We’ve seen many lap and overall race records set during races this year, but at Brno neither record was broken. Was this down to the revised tyre allocation you provided this year or some other factors?
“With our new rear tyre allocation we could see that although over one lap the riders could set very quick times – in qualifying the top five riders were under the previous Brno Circuit Best Lap record – over race distance the pace was a little slower. The main reason for this was that compared to last year’s race, track temperatures this year were approximately 15°C higher. As we could see in the practice sessions, the Brno track surface loses even more grip when it gets too warm and although this wasn’t a big issue during qualifying over one flying lap, over long distance this did affect tyre performance. With less grip on offer, the riders said that towards the end of the race they had to work hard to limit the amount of spinning from the rear tyre. So the normal tyre degradation in the final stages of the race combined with the poor grip of the tarmac made it difficult for riders to break the overall race time record. We can certainly say that this year’s Czech Republic Grand Prix experienced the most severe track conditions in the last couple of years in terms of track temperatures and surface grip conditions.”

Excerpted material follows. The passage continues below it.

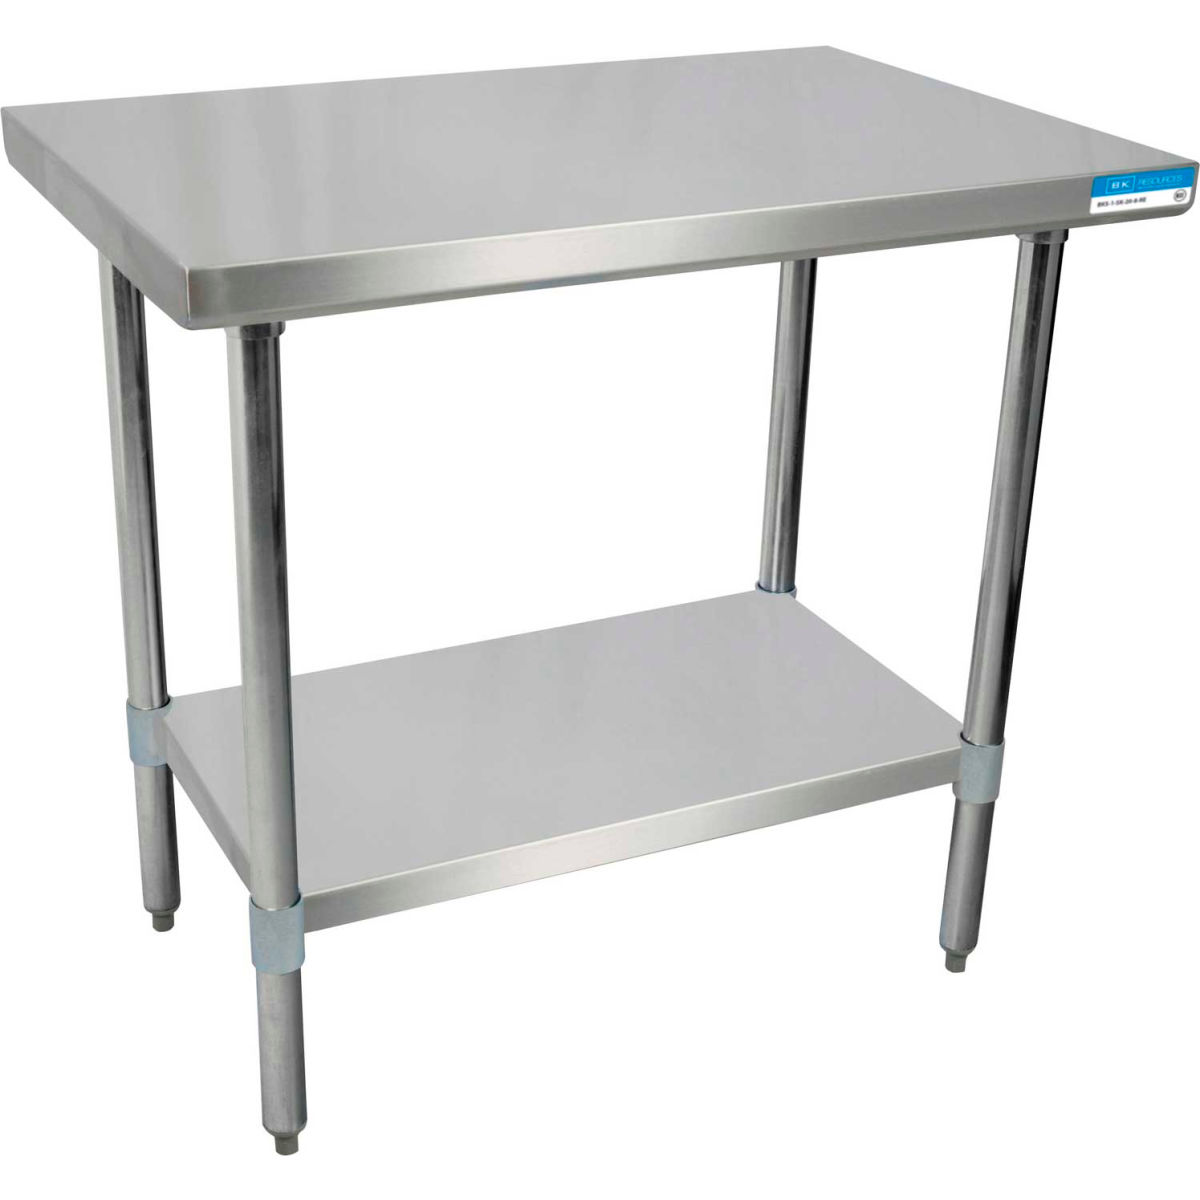 Picture of BK Resources B0899549 18 Gauge 430 Series Stainless Workbench with Adjustable Undershelf - 30 x 24 in.

Given that the Brno tarmac was in a worse condition this year, how was it possible that the riders were so quick in qualifying?
“As the medium compound rear slick was softer in composition than the medium rear offered at Brno last year, it had the potential to be quicker over a single lap. If you compare track temperatures between last year’s race and this year, the difference was around 15°C but the difference in track temperature for QP2 was less, only five degrees more. Also, with less laps to ride in qualifying, there is less chance to overheat the rear tyre through prolonged spinning so that is why Jorge could cut half a second off the lap record and four other riders could set times quicker than the record, despite the lower grip level this year.”